Actinomycosis, a bacterial infection characterized by chronic inflammatory induration and sinus formation, presents clinical challenges. First, the infection eludes diagnosis because etiologic agents are bacteria and not fungi, a fact not yet well known. Second, clinicians must employ special anaerobic techniques to culture the causative micro-organisms. Actinomyces are indigenous to the oral and intestinal microflora. Therefore, culture of the micro-organism from these sites does not establish the diagnosis by itself. Actinomycotic lesions frequently involve other bacteria. Unfortunately, the presence of multiple bacterial organisms makes the primary isolation of Actinomyces more difficult. Because the micro-organisms involved are exquisitely sensitive to penicillin and other broad spectrum antibiotics, empiric antimicrobial therapy may mask clinical manifestations. Actinomycotic lesions most commonly involve the face and neck (63 percent of cases), the thorax (15 percent) and ileocecal regions (22 percent).

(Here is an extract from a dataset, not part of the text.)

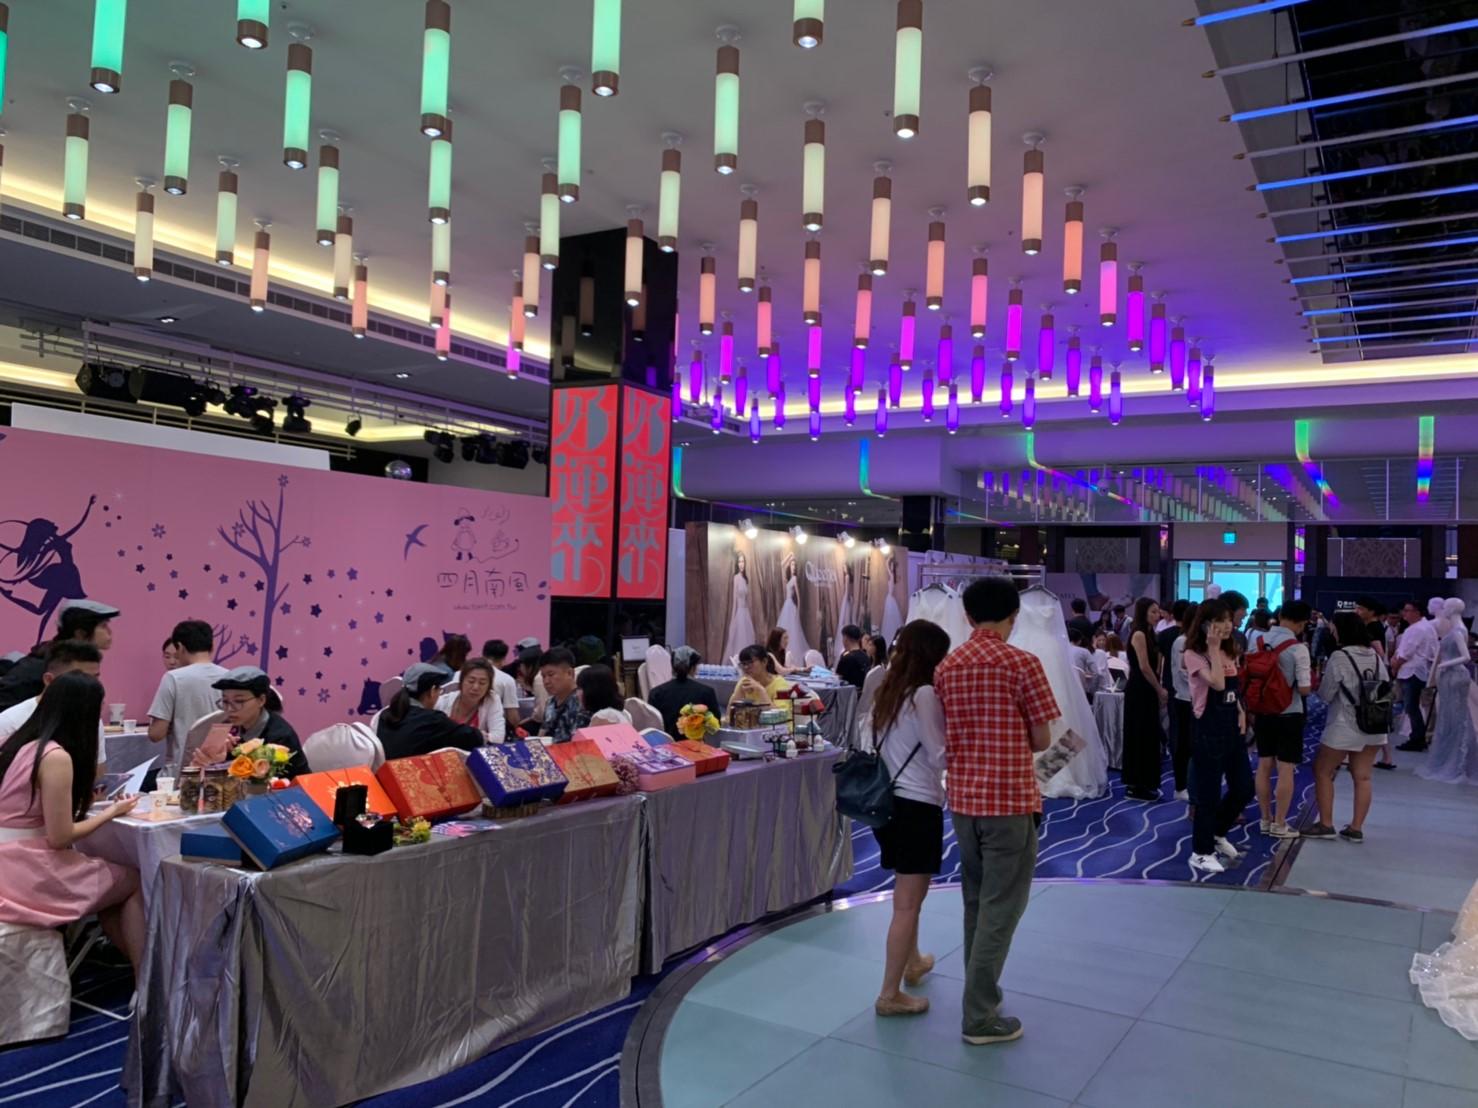 華人婚禮黃頁 20190629台中 婚博會 婚紗展 (4)

Pelvic actinomycosis, now reported with increasing frequency, is associated with the use of intrauterine devices. Cervicofacial actinomycosis is the most common form of the disease, however. The lesion typically begins as a painful, indurated swelling one to several weeks after dental extraction or trauma to the mouth. Frequently located at the angle of the jaw, the mass gradually proceeds to suppurate, then drain from multiple extraoral sinuses. Poor oral hygiene, dental caries, and minor endoral trauma remain the major predisposing conditions.
Pulmonary actinomycosis is usually secondary to aspiration; less commonly it is secondary to hematogenous dissemination. Pneumonia develops, and it tends to invade the pleura, resulting in empyema necessitatis, and fistula draining through the chest wall. With empyema formation, erosion of adjacent ribs frequently results. Actinomycosis of the lung and pleura become more complicated when the mediastinum, pericardium, thoracic vertebrae, or subphrenic spaces become infected.
Actinomycosis of the gastrointestinal tract most commonly develops in the ileocecal region, but the infection can also arise in the gastric or anorectal areas. Patients with the disease often show a previous history of appendicitis. Actinomycotic infection of the bone is usually a result of an adjacent soft tissue infection (75 percent), but may be associated with trauma (e.g. fracture of the mandible (19 percent), or it may be hematogenous 3 percent) Infection involving the facial bones, especially the mandible, represents the most frequent site affected. The disease also occurs in the skull, ribs, clavicle, sternum, scapula or pelvis generally due to extension of oral facial, thoracic, or abdominal disease.
The oxygen tension in infected soft tissue is low. Hyperbaric oxygen therapy (HBOT) increases the tissue oxygen tension in infected tissues. During HBOT therapy, the increase in the oxygen tension leads to elevation of the concentration of superoxide. This condition occurs in both intracellular and extracellular spaces. Increased superoxide levels lead to the production of hydrogen peroxide, and other toxic oxygen-derived radicals. Anaerobic organisms, including those causing actinomycosis, are extremely sensitive to these toxic oxygen radicals. (Most anaerobes lack the enzyme for degrading superoxide dismutase, and the hydrogen peroxide-degrading enzyme, catalase.) Thus, an increase in oxygen tension with subsequent oxygen radical formation often proves lethal for most anaerobic organisms. Favorable clinical results have been reported with adjunctive HBOT therapy in refractory actinomycosis. HBOT must be used only as an adjunct to accepted antimicrobial treatment and surgical care.